Method(s): Pts (N=181) with stage IB to select IIIB NSCLC received 2 cycles of NA atezo before surg. Tumour tissue-informed, germline-corrected ctDNA was measured pre- and post-atezo and post-surg using the AVENIO Oncology Surveillance Test (ctDNA+ defined as ctDNA detection index <=0.05). We correlated quantitative ctDNA levels and ctDNA presence with major pathologic response (MPR; primary endpoint), pathologic response, change in tumour size and disease-free survival (DFS).
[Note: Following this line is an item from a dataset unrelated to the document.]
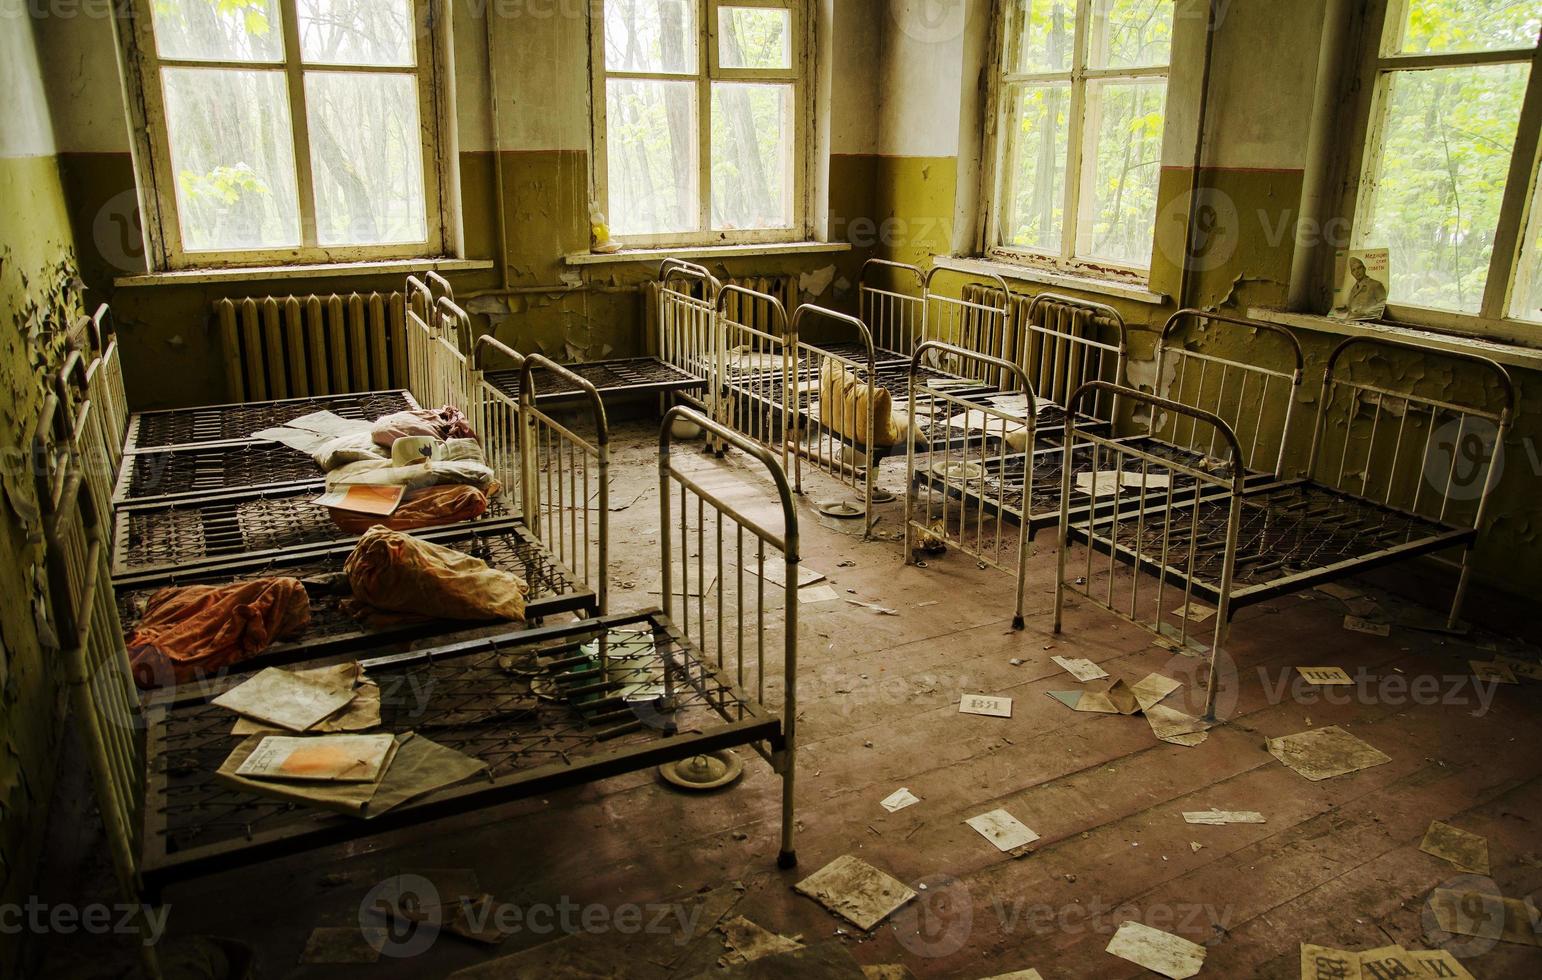 velhas camas soviéticas enferrujadas no jardim de infância na cidade fantasma de chernobyl, ucrânia. foto

Result(s): 126 pts had sufficient tissue to test, of which 106 (84%) had tumour variants suitable for monitoring. Of these, ctDNA was detected in 72% of pre-atezo (n=101), 56% of post-atezo (n=102) and 10% of post-surg samples (n=49). Median ctDNA levels (range) dropped from 3 (0-4448) mean tumour molecules/mL plasma (mtm/mL) pre-atezo to 0.5 (0-406) mtm/mL post-atezo and 0 (0-35) mtm/mL post-surg (all paired comparisons P<0.01). Greater ctDNA reduction post-atezo was seen in pts with MPR vs non-MPR (median log2 fold change -4.8 vs 0.3, P<0.001). Reduced ctDNA levels post-atezo were also associated with pathologic response (P<0.001, r=0.38) and reduction in radiographic tumour size (P<0.001, r=0.42). 2-yr DFS rate for pts who were ctDNA- vs ctDNA+ post-surg was 75% vs 40% (HR, 3.6; 95% CI: 1.0, 13.1; P=0.054). In 64 pts with non-squamous tumours, higher disease stage was associated with higher rates of pre-atezo ctDNA+ status and ctDNA levels (all P<0.05).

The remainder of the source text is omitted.